Where s3://<your_s3_bucket>/data/ specifies the name of your S3 bucket, the files in the bucket are prefixed with data, and the bucket is accessible by the specified AWS credentials.

Querying Data

Using cursor to Fetch Values

Fetch values from a table using the cursor object iterator method.

For example, to fetch values from testtable:

# Querying Data
cur = cnx.cursor()
try:
    cur.execute("SELECT * FROM testtable")
    for (col1, col2) in cur:
        print('{0}, {1}'.format(col1, col2))
finally:
    cur.close()

Alternatively, the Snowflake Connector for Python provides a convenient shortcut:

for (col1, col2) in cnx.cursor().execute("SELECT * FROM testtable"):
    print('{0}, {1}'.format(col1, col2))

If you need to get a single result, use the fetchone method:

col1, col2 = cnx.cursor().execute("SELECT * FROM testtable").fetchone()
print('{0}, {1}'.format(col1, col2))

If you need to get the specified number of rows at a time, use the fetchmany method with the number of rows:

cur = cnx.cursor().execute("SELECT * FROM testtable")
ret = cur.fetchmany(3)
print(ret)
while len(ret) > 0:
    ret = cur.fetchmany(3)
    print(ret)

Note

Use fetchone or fetchmany if the result set is too large to fit into memory.
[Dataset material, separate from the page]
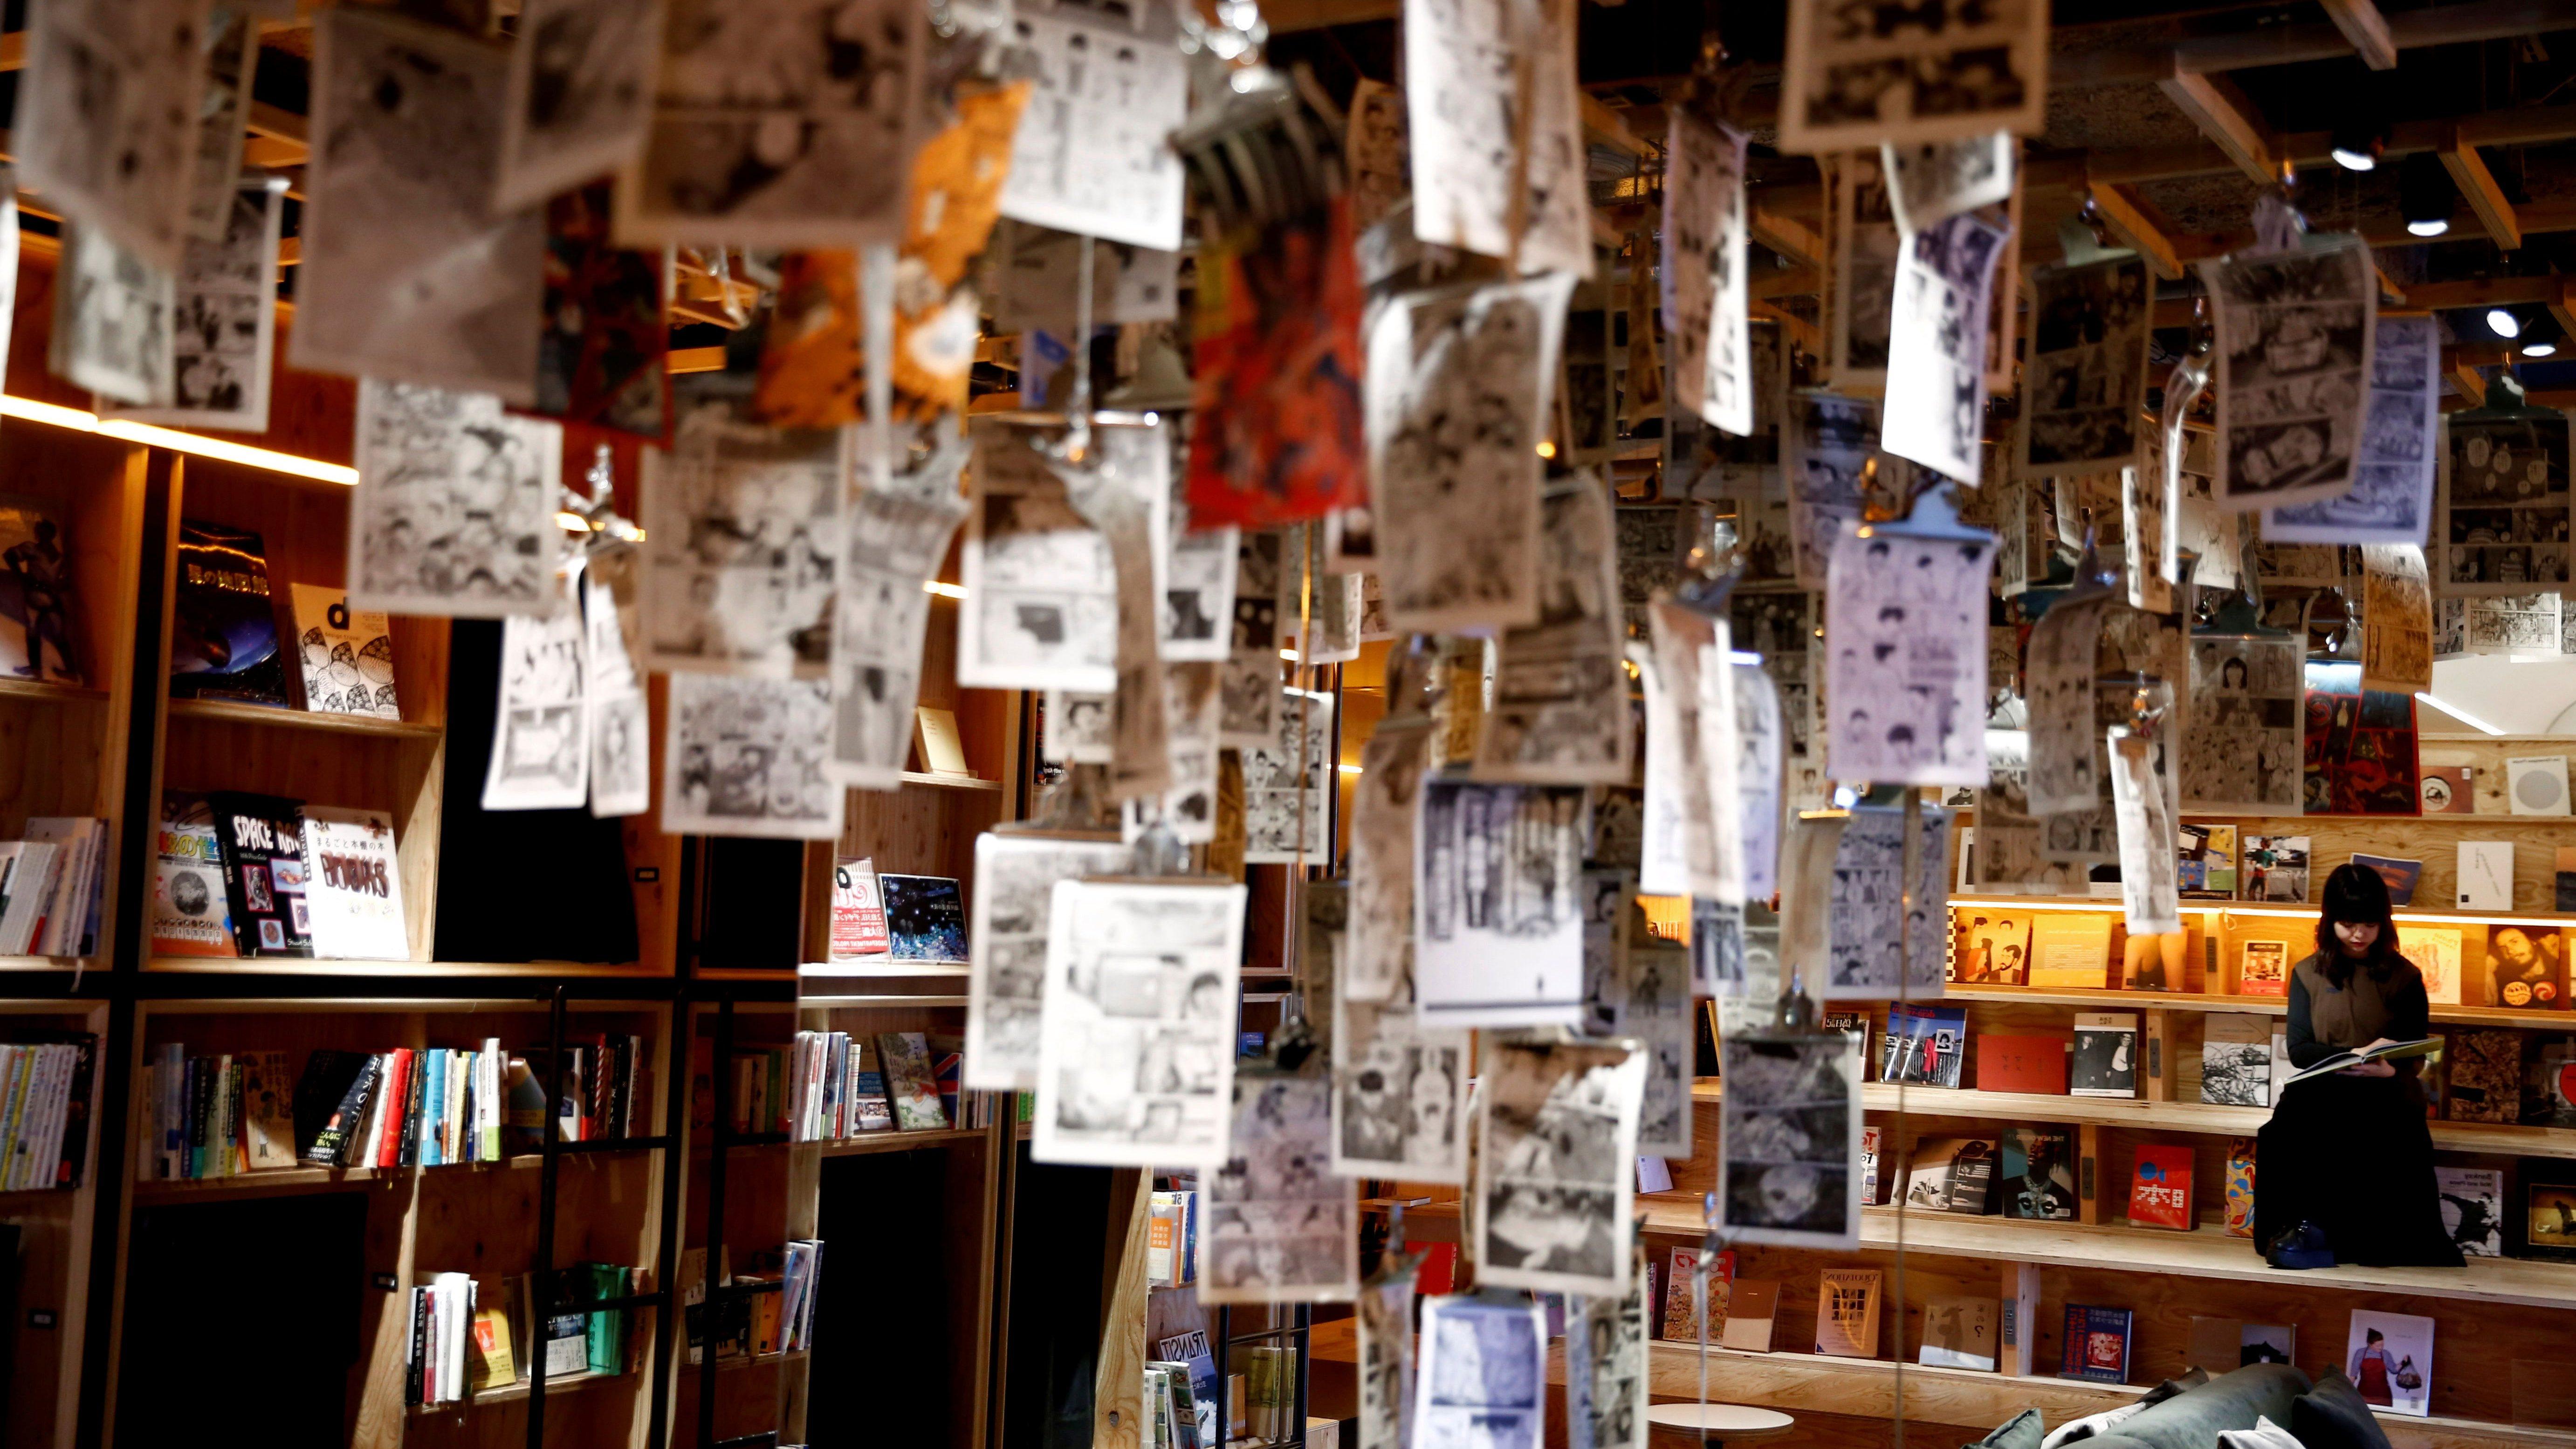 The Man Booker International Prize 2019 shortlist announced
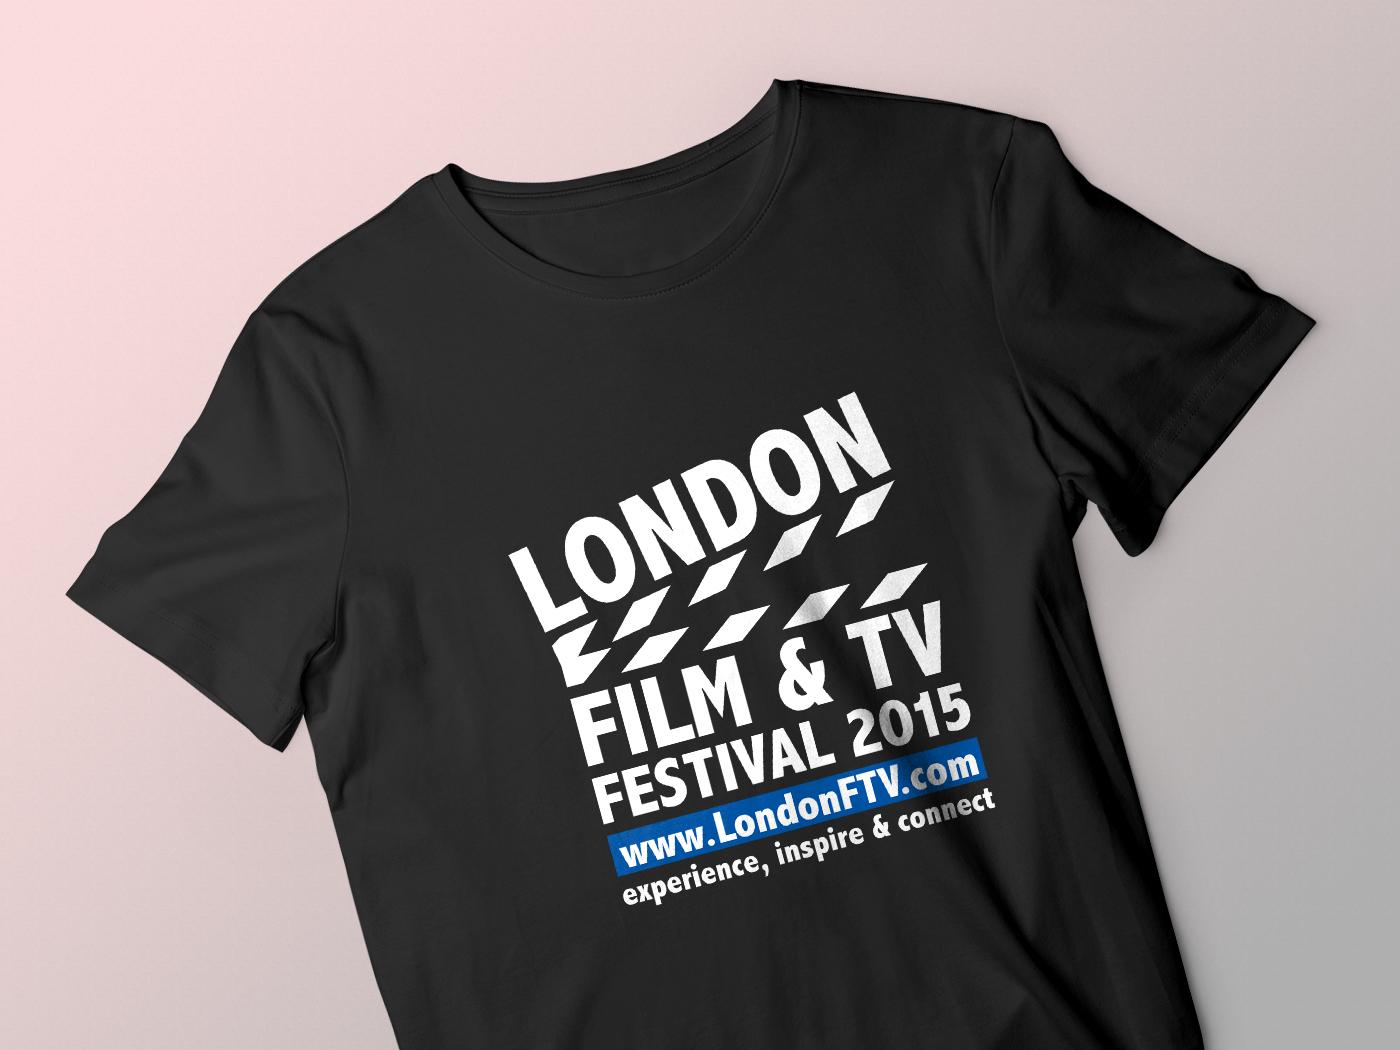 London Film Tv Festival 2015 T Shirt By Ayesha Akter Dribbble

If you need to get all results at once:

results = cnx.cursor().execute("SELECT * FROM testtable").fetchall()
for rec in results:
    print('%s, %s' % (rec[0], rec[1]))

To set a timeout for a query, execute a “begin” command and include a timeout parameter on the query. If the query exceeds the length of the parameter value, an error is produced and a rollback occurs.

In the following code, error 604 means the query was canceled. The timeout parameter starts Timer() and cancels if the query does not finish within the specified time.

conn.cursor().execute("create or replace table testtbl(a int, b string)")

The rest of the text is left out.